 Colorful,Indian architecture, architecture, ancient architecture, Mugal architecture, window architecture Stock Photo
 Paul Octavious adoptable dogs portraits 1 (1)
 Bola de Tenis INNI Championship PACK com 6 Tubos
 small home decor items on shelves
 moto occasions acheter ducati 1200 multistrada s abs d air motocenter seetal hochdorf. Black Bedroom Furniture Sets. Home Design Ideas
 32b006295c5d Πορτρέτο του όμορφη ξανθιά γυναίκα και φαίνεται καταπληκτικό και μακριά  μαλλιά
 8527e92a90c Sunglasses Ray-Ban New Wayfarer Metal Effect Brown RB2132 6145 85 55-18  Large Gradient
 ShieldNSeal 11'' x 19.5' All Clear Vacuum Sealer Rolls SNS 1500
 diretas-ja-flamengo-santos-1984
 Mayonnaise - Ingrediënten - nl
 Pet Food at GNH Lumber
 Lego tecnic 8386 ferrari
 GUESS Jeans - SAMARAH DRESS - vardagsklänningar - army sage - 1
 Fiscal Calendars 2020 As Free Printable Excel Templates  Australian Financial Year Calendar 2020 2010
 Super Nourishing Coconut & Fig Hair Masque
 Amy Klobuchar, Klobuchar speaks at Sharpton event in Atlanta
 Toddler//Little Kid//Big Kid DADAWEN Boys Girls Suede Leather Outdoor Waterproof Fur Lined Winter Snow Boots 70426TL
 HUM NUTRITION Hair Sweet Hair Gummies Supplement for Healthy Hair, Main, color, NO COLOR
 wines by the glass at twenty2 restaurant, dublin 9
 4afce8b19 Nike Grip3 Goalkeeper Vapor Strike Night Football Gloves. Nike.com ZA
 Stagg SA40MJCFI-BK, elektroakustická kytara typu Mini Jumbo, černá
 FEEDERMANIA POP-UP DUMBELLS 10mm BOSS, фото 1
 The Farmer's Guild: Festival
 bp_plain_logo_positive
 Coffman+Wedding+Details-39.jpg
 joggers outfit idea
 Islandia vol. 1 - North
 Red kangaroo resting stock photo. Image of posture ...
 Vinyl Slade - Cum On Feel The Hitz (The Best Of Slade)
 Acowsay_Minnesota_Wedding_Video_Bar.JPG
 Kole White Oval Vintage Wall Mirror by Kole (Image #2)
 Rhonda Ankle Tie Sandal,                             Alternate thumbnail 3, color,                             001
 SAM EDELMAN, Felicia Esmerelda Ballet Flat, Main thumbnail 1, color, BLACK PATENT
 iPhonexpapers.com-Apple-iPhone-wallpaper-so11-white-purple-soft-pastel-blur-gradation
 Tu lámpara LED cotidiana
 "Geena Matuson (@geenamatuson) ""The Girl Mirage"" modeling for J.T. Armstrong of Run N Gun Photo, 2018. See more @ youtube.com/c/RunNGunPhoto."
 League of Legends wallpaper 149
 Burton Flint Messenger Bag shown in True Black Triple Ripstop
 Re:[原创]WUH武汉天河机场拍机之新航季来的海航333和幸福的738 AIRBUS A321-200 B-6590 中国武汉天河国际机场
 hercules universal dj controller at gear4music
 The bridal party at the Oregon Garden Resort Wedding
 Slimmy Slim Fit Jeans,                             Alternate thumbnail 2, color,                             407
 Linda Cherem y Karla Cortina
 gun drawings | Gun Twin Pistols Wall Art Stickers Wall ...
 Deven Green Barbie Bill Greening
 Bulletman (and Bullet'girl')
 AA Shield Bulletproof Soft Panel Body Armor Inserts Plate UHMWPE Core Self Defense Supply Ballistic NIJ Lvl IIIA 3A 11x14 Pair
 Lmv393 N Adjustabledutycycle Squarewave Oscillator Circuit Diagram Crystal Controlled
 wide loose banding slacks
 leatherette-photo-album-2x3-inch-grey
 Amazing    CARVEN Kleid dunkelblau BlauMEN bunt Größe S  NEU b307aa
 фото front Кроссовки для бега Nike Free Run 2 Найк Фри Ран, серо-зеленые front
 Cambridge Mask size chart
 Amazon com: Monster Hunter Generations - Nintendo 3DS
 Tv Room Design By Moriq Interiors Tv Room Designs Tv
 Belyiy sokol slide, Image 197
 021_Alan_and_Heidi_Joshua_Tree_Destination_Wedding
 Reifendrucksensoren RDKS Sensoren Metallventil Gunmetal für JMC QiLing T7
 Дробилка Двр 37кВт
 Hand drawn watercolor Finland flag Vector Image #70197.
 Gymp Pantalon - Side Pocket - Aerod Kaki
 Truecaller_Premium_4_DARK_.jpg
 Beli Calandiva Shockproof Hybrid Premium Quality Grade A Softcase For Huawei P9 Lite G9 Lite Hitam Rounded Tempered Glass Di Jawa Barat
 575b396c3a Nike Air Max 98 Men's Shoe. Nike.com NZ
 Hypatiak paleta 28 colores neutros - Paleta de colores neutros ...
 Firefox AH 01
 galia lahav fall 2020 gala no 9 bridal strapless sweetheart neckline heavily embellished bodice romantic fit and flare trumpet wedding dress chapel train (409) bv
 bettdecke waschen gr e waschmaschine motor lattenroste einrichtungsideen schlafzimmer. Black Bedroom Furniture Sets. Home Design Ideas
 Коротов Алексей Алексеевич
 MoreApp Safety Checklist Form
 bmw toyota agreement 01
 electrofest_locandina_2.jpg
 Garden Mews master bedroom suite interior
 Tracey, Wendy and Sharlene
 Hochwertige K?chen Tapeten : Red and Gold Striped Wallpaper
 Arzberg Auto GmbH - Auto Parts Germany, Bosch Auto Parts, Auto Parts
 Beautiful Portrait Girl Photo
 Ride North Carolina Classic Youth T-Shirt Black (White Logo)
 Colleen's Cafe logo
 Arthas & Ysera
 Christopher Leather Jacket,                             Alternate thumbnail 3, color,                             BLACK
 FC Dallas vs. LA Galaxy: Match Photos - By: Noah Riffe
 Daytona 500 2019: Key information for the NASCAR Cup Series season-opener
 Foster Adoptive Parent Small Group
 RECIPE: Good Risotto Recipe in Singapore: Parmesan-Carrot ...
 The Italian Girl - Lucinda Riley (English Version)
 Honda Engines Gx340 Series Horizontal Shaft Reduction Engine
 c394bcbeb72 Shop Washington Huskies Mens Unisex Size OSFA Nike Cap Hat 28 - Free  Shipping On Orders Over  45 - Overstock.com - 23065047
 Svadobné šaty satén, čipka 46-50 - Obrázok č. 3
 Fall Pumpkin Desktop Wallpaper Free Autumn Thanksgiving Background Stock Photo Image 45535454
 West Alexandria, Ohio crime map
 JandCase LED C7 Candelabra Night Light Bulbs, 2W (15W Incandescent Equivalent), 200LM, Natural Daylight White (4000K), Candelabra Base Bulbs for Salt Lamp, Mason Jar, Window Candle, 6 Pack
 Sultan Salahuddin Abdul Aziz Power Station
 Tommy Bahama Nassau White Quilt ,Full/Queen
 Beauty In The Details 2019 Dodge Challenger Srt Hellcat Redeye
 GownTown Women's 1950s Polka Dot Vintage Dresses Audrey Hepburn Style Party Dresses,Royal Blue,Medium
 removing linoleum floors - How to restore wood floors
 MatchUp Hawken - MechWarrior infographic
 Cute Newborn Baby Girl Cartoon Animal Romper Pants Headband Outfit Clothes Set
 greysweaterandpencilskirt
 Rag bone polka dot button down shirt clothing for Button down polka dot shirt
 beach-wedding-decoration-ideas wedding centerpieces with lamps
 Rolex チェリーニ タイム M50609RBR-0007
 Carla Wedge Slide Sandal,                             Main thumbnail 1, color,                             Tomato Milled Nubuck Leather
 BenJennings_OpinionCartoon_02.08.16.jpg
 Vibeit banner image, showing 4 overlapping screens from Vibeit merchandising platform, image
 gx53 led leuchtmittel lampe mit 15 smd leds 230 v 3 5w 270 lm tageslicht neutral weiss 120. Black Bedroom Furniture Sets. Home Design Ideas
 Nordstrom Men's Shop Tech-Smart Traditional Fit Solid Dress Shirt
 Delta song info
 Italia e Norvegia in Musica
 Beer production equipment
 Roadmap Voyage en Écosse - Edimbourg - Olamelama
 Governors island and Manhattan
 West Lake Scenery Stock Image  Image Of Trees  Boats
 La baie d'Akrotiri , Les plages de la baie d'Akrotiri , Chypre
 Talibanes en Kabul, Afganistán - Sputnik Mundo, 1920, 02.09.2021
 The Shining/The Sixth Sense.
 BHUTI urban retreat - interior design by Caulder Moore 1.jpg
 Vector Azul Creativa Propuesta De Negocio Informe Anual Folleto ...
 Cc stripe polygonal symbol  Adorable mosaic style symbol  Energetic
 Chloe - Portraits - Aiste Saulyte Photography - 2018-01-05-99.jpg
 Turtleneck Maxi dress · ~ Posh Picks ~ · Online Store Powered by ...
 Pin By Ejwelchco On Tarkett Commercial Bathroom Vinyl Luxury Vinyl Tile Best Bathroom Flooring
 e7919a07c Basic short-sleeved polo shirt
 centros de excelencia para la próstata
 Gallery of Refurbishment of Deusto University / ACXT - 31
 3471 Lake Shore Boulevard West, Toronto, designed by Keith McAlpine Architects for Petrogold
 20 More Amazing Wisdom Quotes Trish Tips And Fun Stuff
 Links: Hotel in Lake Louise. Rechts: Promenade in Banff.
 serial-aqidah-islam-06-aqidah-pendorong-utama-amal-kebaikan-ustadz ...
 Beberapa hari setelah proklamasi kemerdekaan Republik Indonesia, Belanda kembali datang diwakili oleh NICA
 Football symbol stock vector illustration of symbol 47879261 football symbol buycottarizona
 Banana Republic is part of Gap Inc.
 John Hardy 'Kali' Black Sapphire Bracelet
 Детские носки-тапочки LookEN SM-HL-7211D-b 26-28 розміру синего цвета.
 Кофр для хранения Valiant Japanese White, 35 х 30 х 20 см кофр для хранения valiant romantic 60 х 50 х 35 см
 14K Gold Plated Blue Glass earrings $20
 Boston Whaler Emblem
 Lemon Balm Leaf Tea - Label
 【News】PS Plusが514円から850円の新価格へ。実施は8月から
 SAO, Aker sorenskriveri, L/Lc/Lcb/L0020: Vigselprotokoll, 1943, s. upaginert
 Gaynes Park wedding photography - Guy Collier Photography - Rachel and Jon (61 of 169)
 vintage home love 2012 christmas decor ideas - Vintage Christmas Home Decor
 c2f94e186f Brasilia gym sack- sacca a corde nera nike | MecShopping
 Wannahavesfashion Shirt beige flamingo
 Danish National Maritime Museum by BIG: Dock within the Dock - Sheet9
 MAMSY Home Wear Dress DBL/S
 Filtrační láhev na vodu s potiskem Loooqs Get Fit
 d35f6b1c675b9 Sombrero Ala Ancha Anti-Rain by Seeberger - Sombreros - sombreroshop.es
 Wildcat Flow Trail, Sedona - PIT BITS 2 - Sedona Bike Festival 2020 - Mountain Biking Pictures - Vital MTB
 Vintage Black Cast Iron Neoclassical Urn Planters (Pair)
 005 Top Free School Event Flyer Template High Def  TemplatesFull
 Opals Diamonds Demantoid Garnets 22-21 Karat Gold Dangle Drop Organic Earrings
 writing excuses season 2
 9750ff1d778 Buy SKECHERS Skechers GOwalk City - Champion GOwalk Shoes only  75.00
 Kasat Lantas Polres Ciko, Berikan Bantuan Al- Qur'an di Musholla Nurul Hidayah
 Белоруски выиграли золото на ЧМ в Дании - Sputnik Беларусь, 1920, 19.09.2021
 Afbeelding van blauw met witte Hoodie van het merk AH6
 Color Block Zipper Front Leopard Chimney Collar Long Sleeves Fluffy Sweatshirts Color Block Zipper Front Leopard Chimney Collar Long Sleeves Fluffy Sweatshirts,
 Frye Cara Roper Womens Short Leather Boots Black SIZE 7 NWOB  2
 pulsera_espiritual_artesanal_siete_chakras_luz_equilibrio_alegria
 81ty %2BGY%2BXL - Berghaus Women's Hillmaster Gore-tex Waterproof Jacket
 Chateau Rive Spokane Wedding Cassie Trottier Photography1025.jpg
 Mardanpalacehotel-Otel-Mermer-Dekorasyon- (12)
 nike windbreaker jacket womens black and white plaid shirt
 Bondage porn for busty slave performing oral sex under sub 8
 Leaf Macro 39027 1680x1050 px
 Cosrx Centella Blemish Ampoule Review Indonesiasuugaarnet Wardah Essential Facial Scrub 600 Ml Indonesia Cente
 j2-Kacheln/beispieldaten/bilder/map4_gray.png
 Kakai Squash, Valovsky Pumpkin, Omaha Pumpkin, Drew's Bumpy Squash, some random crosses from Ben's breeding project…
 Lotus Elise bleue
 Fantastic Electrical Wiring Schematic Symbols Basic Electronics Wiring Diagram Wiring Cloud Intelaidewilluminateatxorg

• DIRECTIONS FOR THIS TASK:
Give back exactly the lines of the listing above that run from the line with "The Italian Girl" to the line with "GownTown Women's 1950s", inclusive.

• RESULT BELOW:
 The Italian Girl - Lucinda Riley (English Version)
 Honda Engines Gx340 Series Horizontal Shaft Reduction Engine
 c394bcbeb72 Shop Washington Huskies Mens Unisex Size OSFA Nike Cap Hat 28 - Free  Shipping On Orders Over  45 - Overstock.com - 23065047
 Svadobné šaty satén, čipka 46-50 - Obrázok č. 3
 Fall Pumpkin Desktop Wallpaper Free Autumn Thanksgiving Background Stock Photo Image 45535454
 West Alexandria, Ohio crime map
 JandCase LED C7 Candelabra Night Light Bulbs, 2W (15W Incandescent Equivalent), 200LM, Natural Daylight White (4000K), Candelabra Base Bulbs for Salt Lamp, Mason Jar, Window Candle, 6 Pack
 Sultan Salahuddin Abdul Aziz Power Station
 Tommy Bahama Nassau White Quilt ,Full/Queen
 Beauty In The Details 2019 Dodge Challenger Srt Hellcat Redeye
 GownTown Women's 1950s Polka Dot Vintage Dresses Audrey Hepburn Style Party Dresses,Royal Blue,Medium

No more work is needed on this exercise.